Yo achaqué su proceder a la buena voluntad de aquel policía y a mi cara de no haber roto un plato. Sin embargo, mi entorno masculino aseveraba rotundamente que me había escapado por ser mujer. Diferentes puntos de vista.

La segunda ocasión fue culpa de la placa de la matrícula, que según parece no se lee bien. Situación que yo achaqué a la popular técnica de aparcar al toque. Pero en esta ocasión sí que escurrí el bulto y culpé a mi querida hermana, de la que yo heredaba el automóvil.

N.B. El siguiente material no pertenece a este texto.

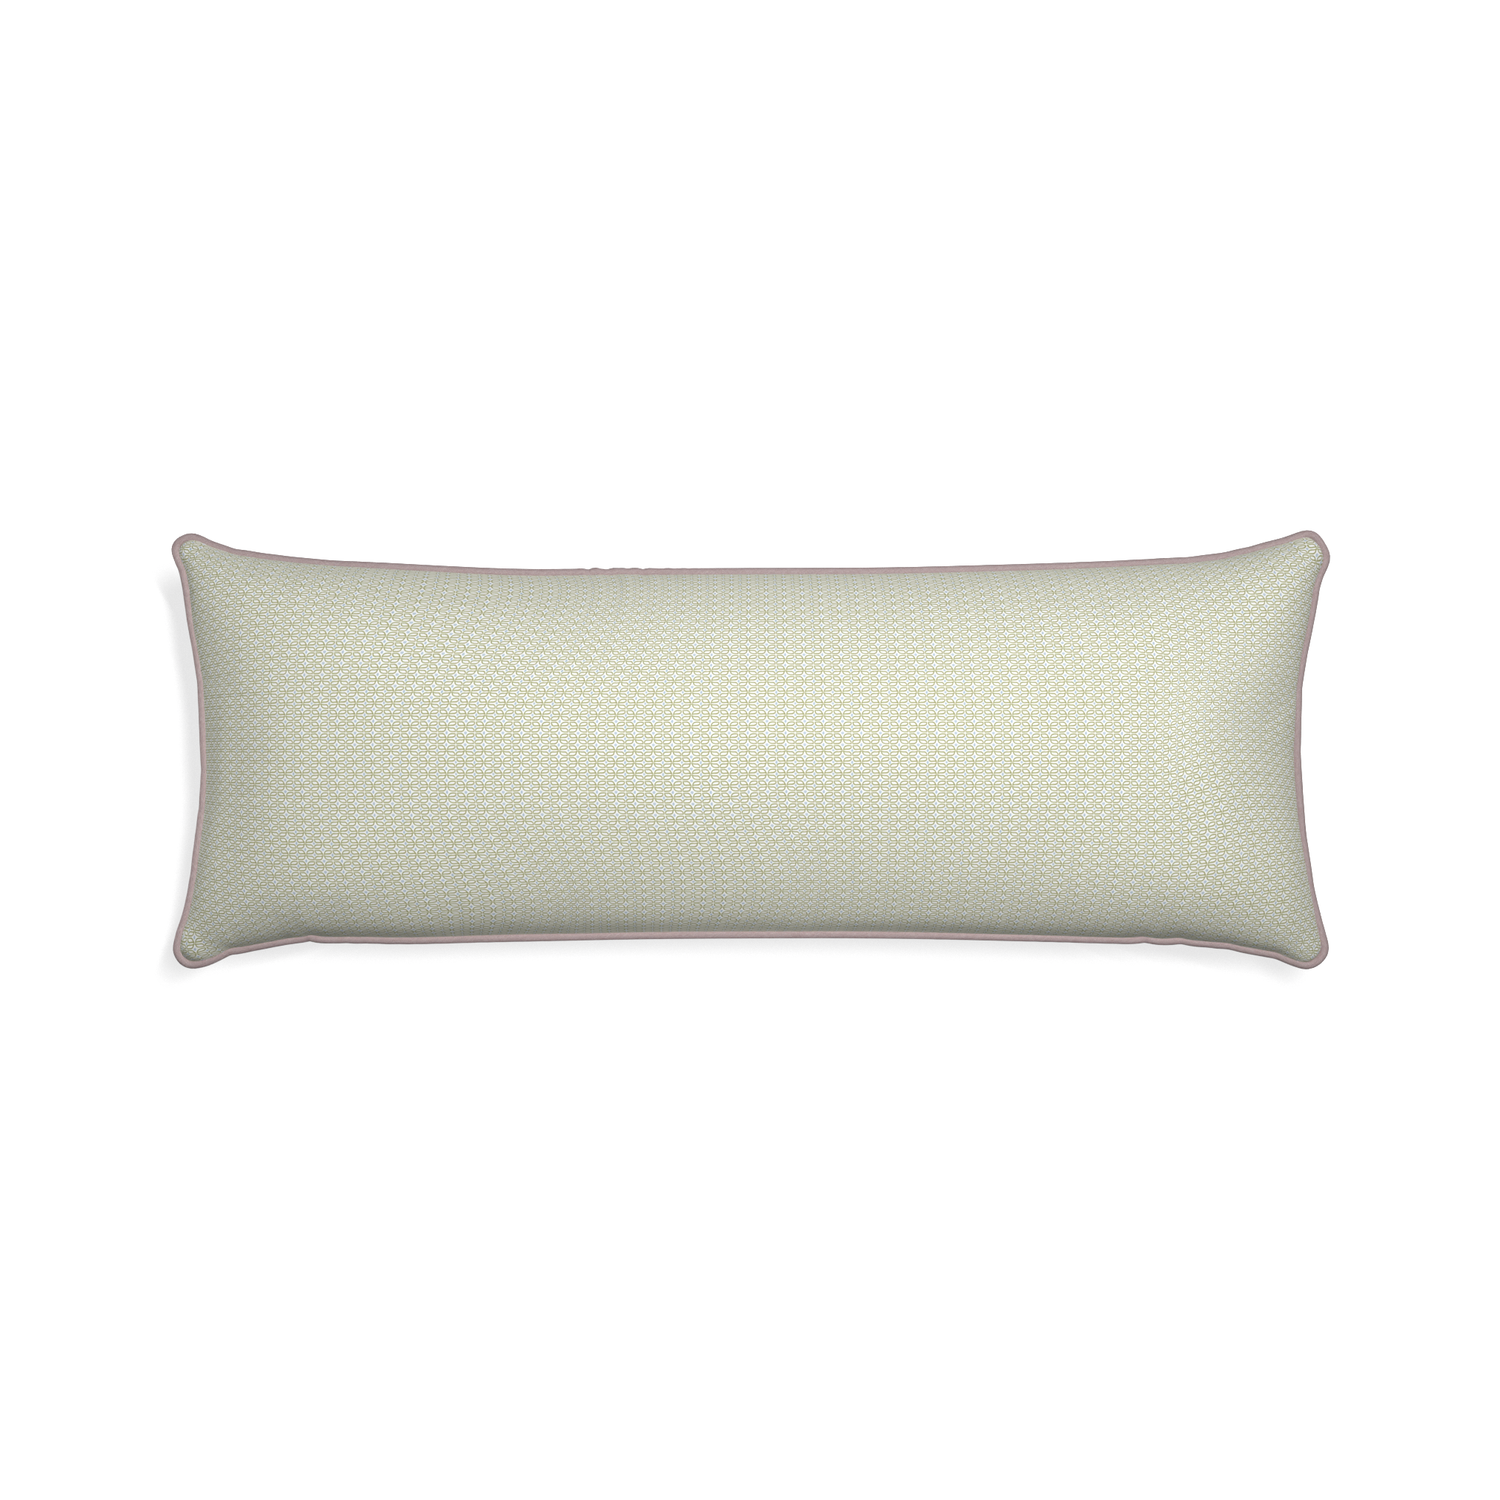 Xl-lumbar loomi moss custom moss green geometricpillow with orchid piping on white background

Esta vez fue la Guardia Civil quien me dio el alto y por aquello de lo que impone un uniforme se me caló el coche al estacionar a la derecha, donde uno de los agentes me había indicado con el brazo. Su compañero se acercó hasta mi ventanilla y con tono socarrón comentó: “¿Señorita, ha parado usted el coche de golpe o se ha puesto nerviosa al vernos?”. Yo reconocí lo segundo, no sin cierta extrañeza por su comentario. El caso es que no sólo no me multó, sino que además la conversación se extendió algo más de 10 minutos en los que el agente se puso al día de mi situación personal, laboral y hasta de mis aficiones. Tanto es así que incluso acabó pidiéndome consejo sobre la posibilidad de desplazar su lugar de residencia a Caravaca de la Cruz, mi ciudad natal. Idea que desestimó cuando yo le comenté que, pese a que era un lugar bonito y con todos los servicios, no disponía de salas de cine, algo para mí imprescindible, pero eso él ya también lo sabía pues venía de la charla anterior.

No tardé en compartir y reproducir la conversación completa con mis allegados, sorprendida por la amabilidad de los agentes, con el objetivo de conocer si ésta era la tónica general. Una vez más oí aquello de ‘por ser mujer’. Algo a lo que ciertamente, en esta ocasión concreta, sí puedo dar más credibilidad.

El caso es que me han parado unas cuantas veces más, siempre por la dichosa plaquita –que sí, que sé que tengo que cambiar –pero jamás me han multado. Sin embargo, esta semana volvían a hacerme el ‘alto’ y aunque yo volvía a marcharme de rositas –sin librarme de la frasecita: “la placa tiene que cambiarla” -, sí que sancionaban al copiloto por no llevar el cinturón. Un hombre, para ser más exactos.

Y esto es sólo mi experiencia, no supongo ni presupongo nada, sólo expongo.

Artículo publicado el 26 de Septiembre de 2014 en el Diario La Opinión.